If you are testing testosterone, book the blood draw for early morning and avoid a brutal workout the day before. Then repeat the test if it is low, because one off-day of sleep can drag the number down and mislead you.
Use a simple training rule while you are fatigued: stop each set with 2–3 reps left in the tank and keep sessions under 45 minutes. If your energy rebounds within 10–14 days, you were likely under-recovering more than you realized.
If you suspect iron issues, do not start iron blindly for months. Check ferritin first, and if it is low, ask why it is low because men sometimes need evaluation for gut blood loss or absorption problems.
Pick one “non-negotiable” recovery anchor for two weeks, such as a fixed wake time or a 20-minute post-lunch walk in daylight.
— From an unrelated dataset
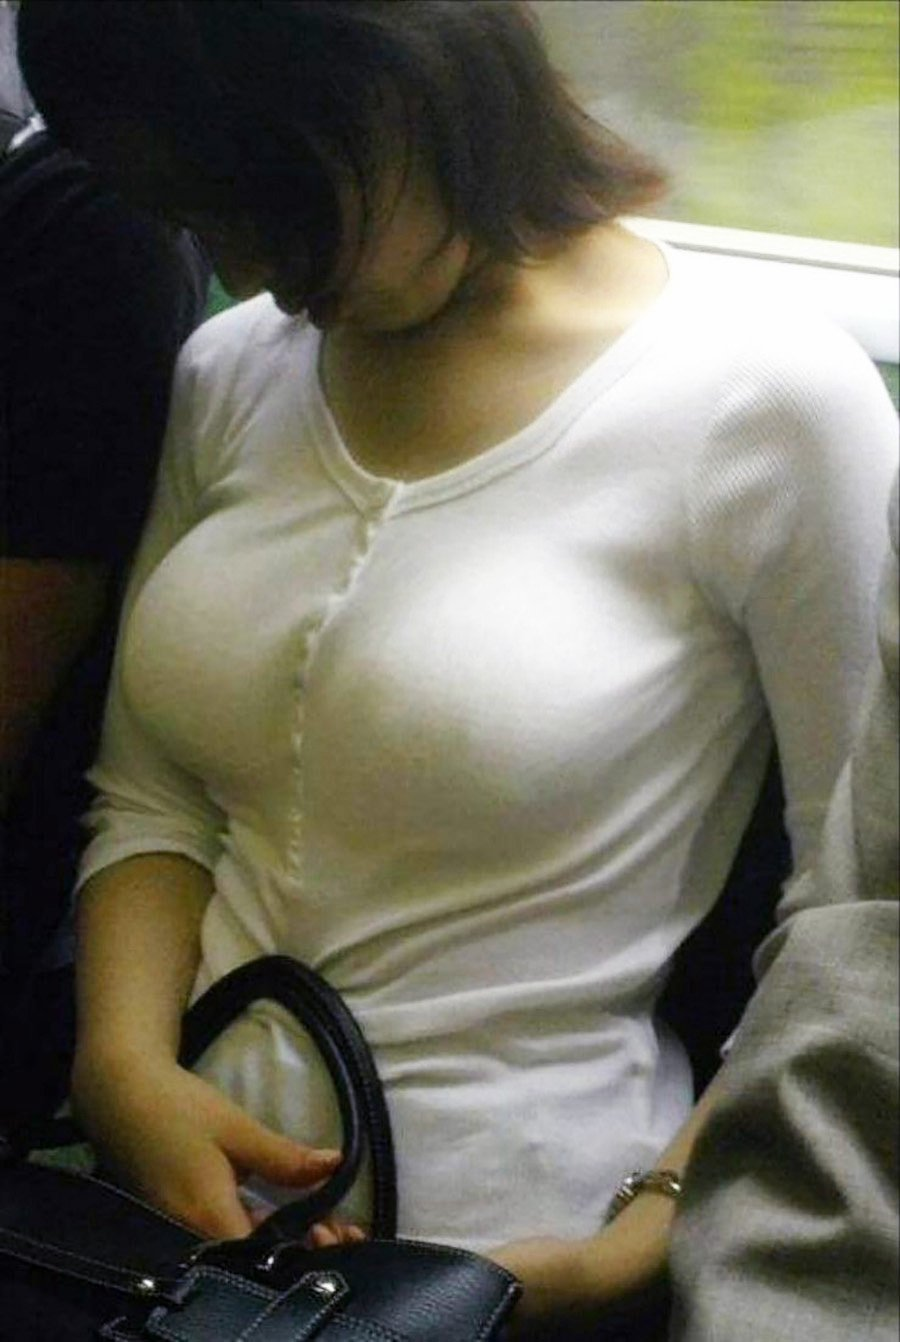 デカい乳房の女の子が電車に乗ってた (17)
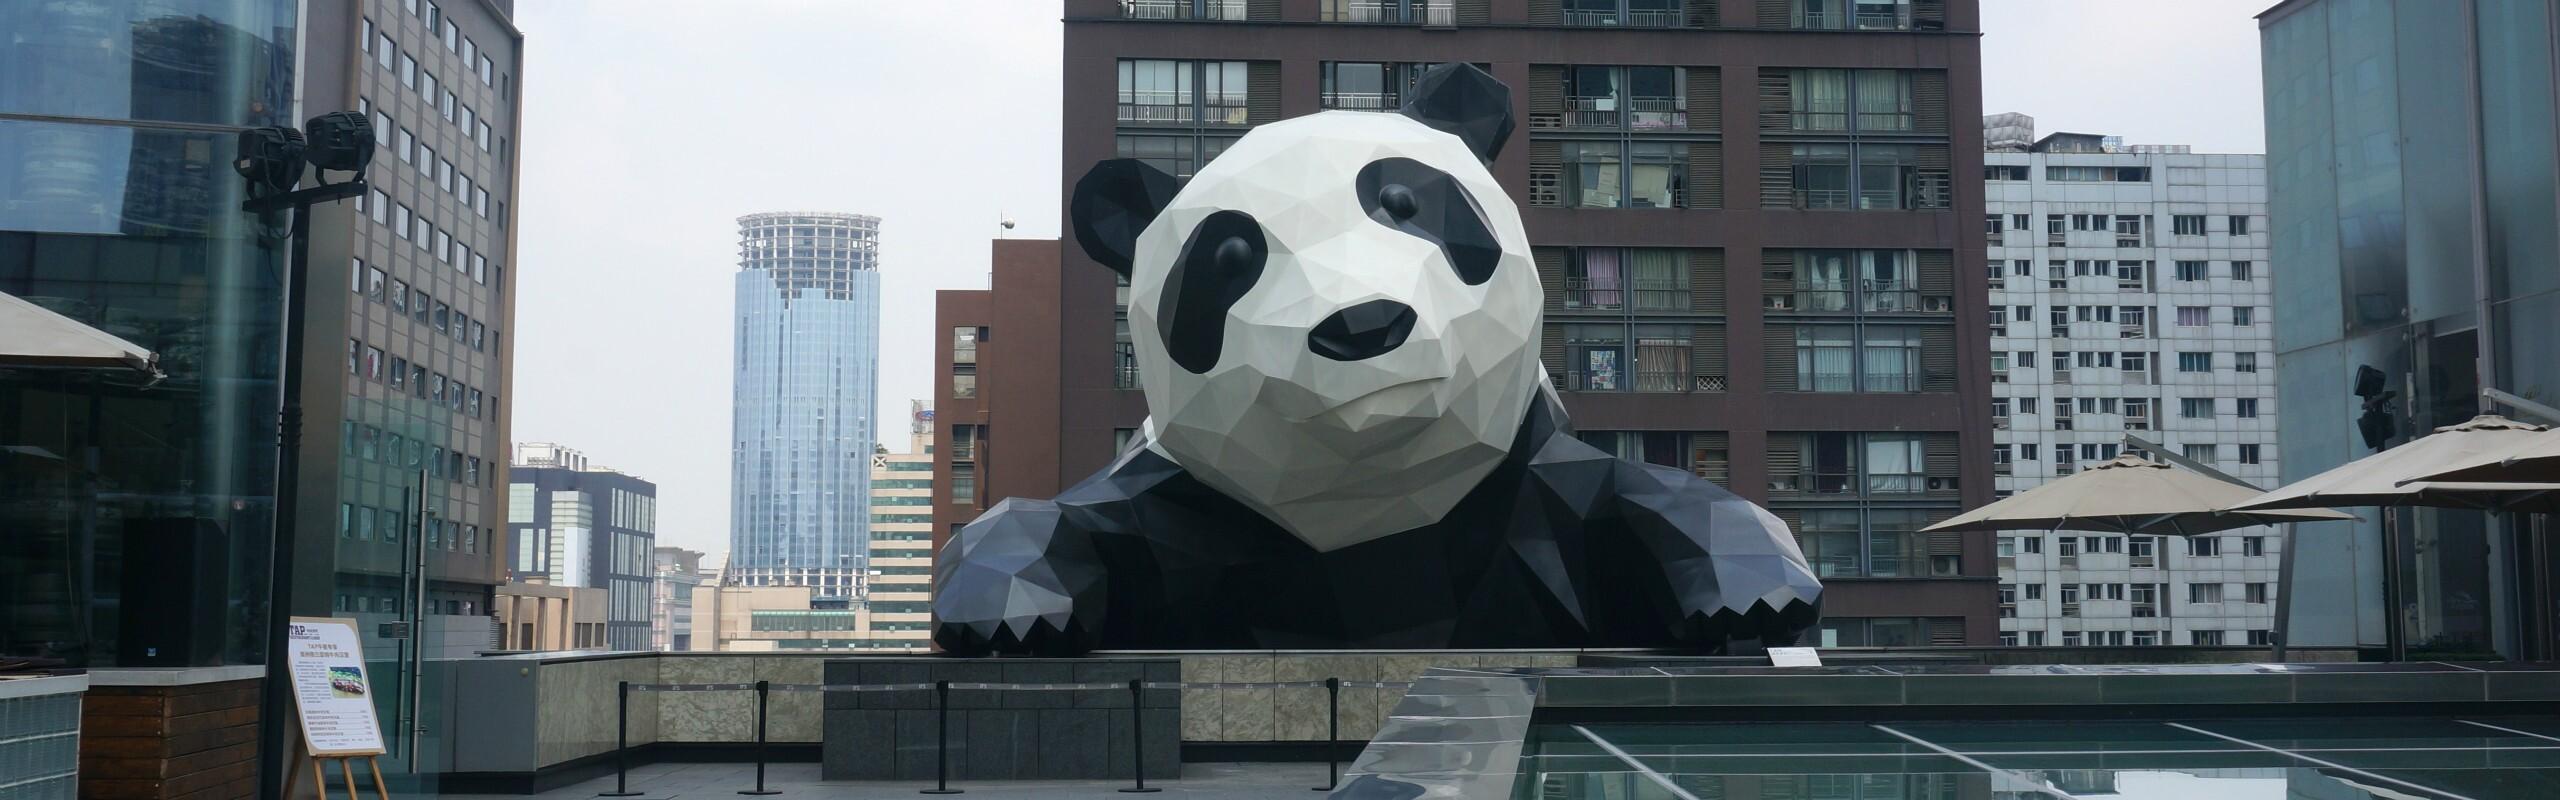 Panda Wonderland Tour

If your afternoon crash improves, you have a clear lever to keep using while you investigate labs.
Frequently Asked Questions
Why am I tired all the time even after 8 hours of sleep?
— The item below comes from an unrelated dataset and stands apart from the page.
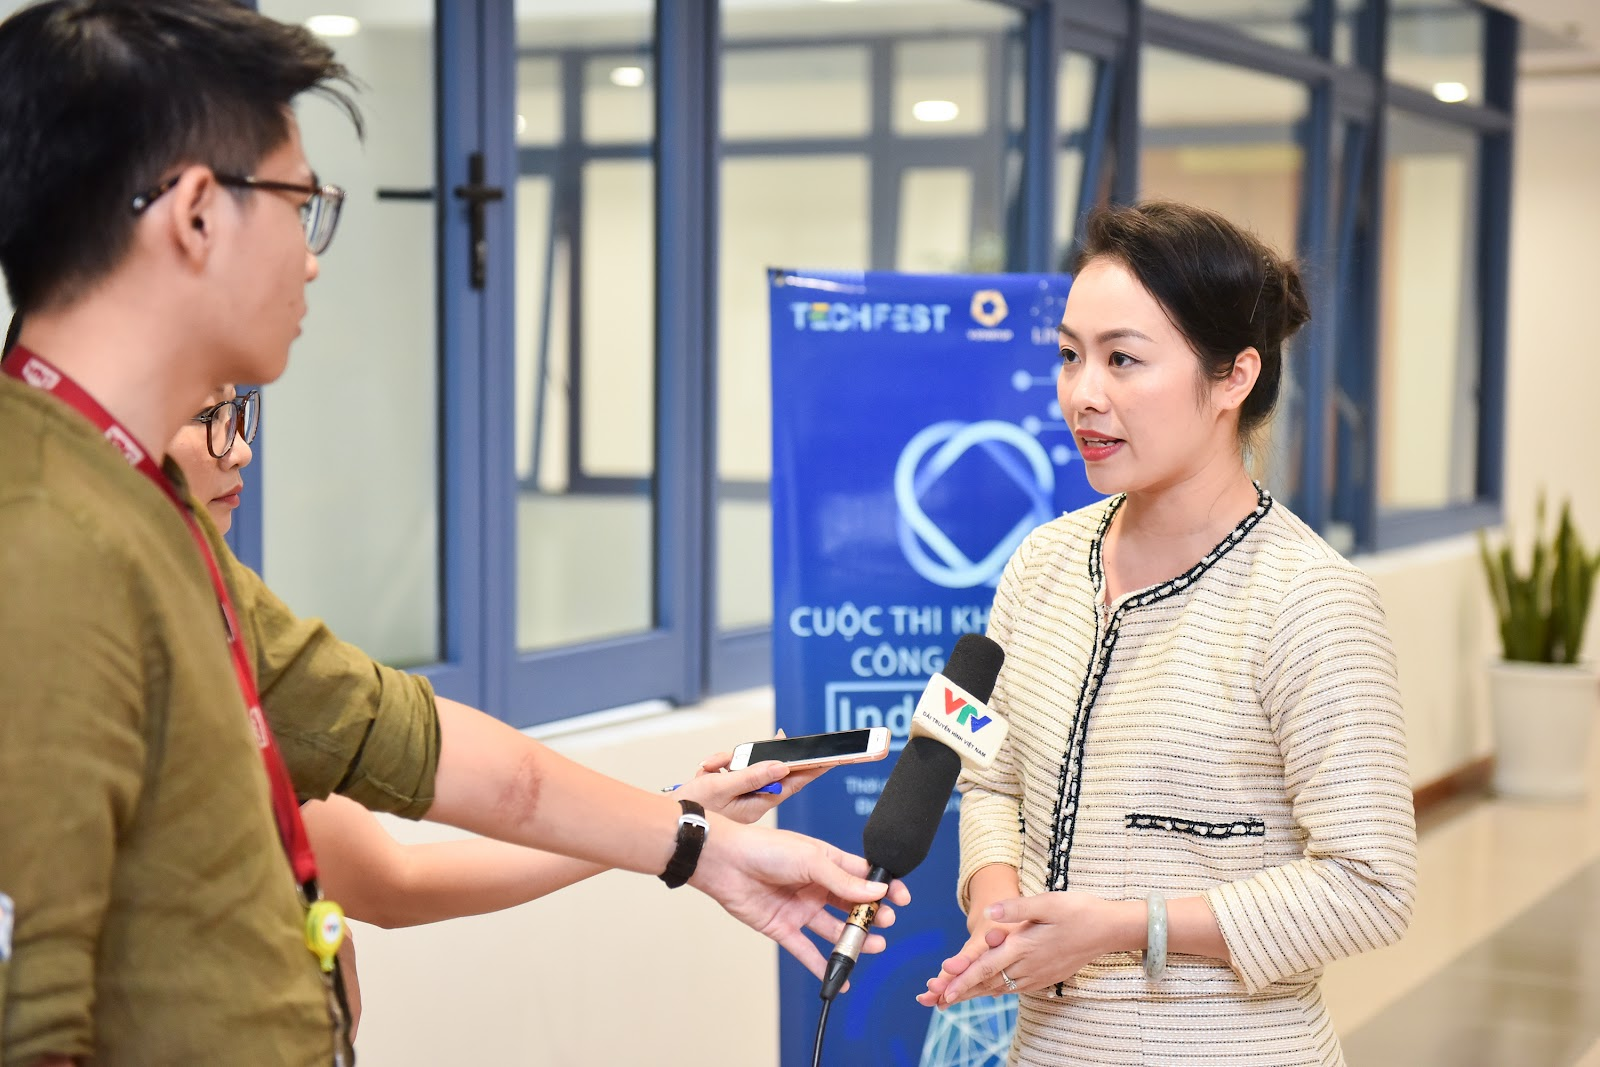 Bà Nguyễn Thy Nga- Giám đốc V-Startup, Trưởng làng công nghệ 4.0 chia sẻ về triển vọng đầu tư cho Startup phát triển

If you sleep 8 hours but wake unrefreshed, the issue is often sleep quality rather than sleep quantity, and obstructive sleep apnea is a common culprit in men. Alcohol, late caffeine, and irregular wake times can also reduce deep sleep even when you “sleep through.” If you snore or feel sleepy while driving, ask about a sleep study and consider checking TSH and ferritin to rule out thyroid and iron issues.
Can low testosterone cause fatigue and brain fog?
Yes, low testosterone can show up as low energy, reduced motivation, slower recovery, and sometimes brain fog, especially when it comes with low libido or fewer morning erections. The most useful first step is a morning total testosterone test, and if it is low, repeating it before making decisions. If it is confirmed low, ask about contributors like sleep apnea, weight changes, and medications because fixing those can improve both testosterone and fatigue.
What blood tests should a man get for fatigue?
A practical starting trio for fatigue in men is morning total testosterone, TSH, and ferritin because they screen three high-impact, treatable drivers. These tests help separate hormone-related fatigue from thyroid slow-down and low iron stores that limit oxygen delivery. If any result is abnormal or borderline, the next step is usually targeted follow-up tests rather than a random supplement stack.
Is it normal to feel exhausted in your 30s or 40s as a man?
It is common, but it is not something you have to accept as “just life.” In this age range, fatigue is often tied to sleep disruption, stress plus under-recovery, weight-related breathing issues at night, or early hormone and thyroid shifts. If your baseline changed for more than 4–6 weeks, treat it as a solvable problem and start with sleep screening and a few targeted labs.
When should I worry that fatigue is something serious?
Get urgent care if fatigue comes with chest pain, fainting, severe shortness of breath, black or bloody stools, or new confusion, because those can signal emergencies. You should also book a prompt medical visit if fatigue is rapidly worsening, comes with unexplained weight loss, persistent fever, or drenching night sweats. If it is “just” persistent and dragging your life down, start with a sleep evaluation and labs like TSH, ferritin, and morning testosterone so you are not guessing.